#### SUPPLIED RECORDS:
▼▼▼
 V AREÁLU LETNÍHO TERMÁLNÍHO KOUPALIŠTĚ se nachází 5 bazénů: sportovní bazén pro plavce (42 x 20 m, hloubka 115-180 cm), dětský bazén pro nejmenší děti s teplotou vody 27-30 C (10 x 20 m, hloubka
▲▲▲
▼▼▼
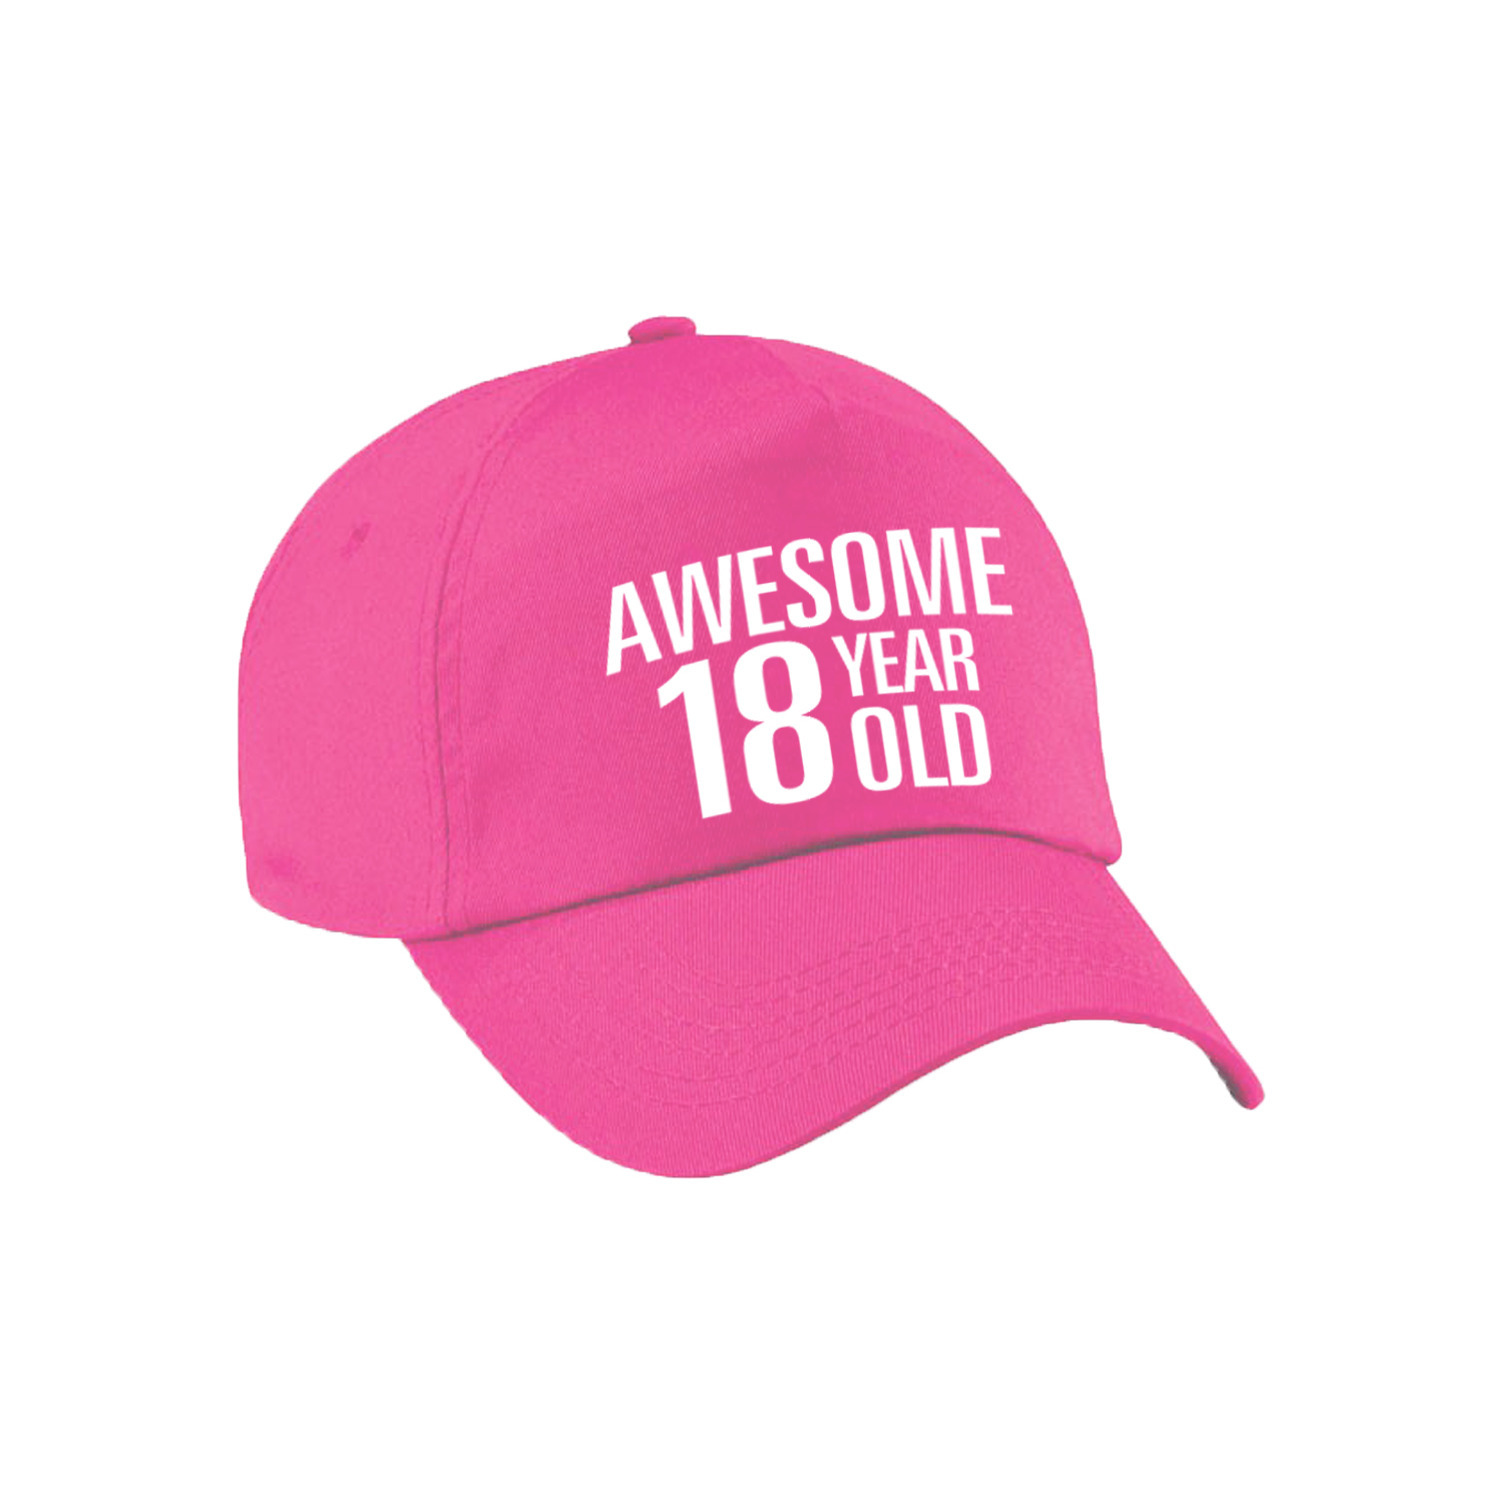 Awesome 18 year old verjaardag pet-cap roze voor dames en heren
▲▲▲
▼▼▼
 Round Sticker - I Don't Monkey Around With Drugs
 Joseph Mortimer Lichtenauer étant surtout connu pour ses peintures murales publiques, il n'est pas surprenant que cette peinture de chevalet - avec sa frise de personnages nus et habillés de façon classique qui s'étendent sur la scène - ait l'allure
▲▲▲
#### WHAT THIS TASK INVOLVES:
Looking at the entries above, can you reproduce exactly the lines from the one that holds "Round Sticker - I" through the one that holds "Joseph Mortimer Lichtenauer", and only those?

#### ANSWER AREA:
 Round Sticker - I Don't Monkey Around With Drugs
 Joseph Mortimer Lichtenauer étant surtout connu pour ses peintures murales publiques, il n'est pas surprenant que cette peinture de chevalet - avec sa frise de personnages nus et habillés de façon classique qui s'étendent sur la scène - ait l'allure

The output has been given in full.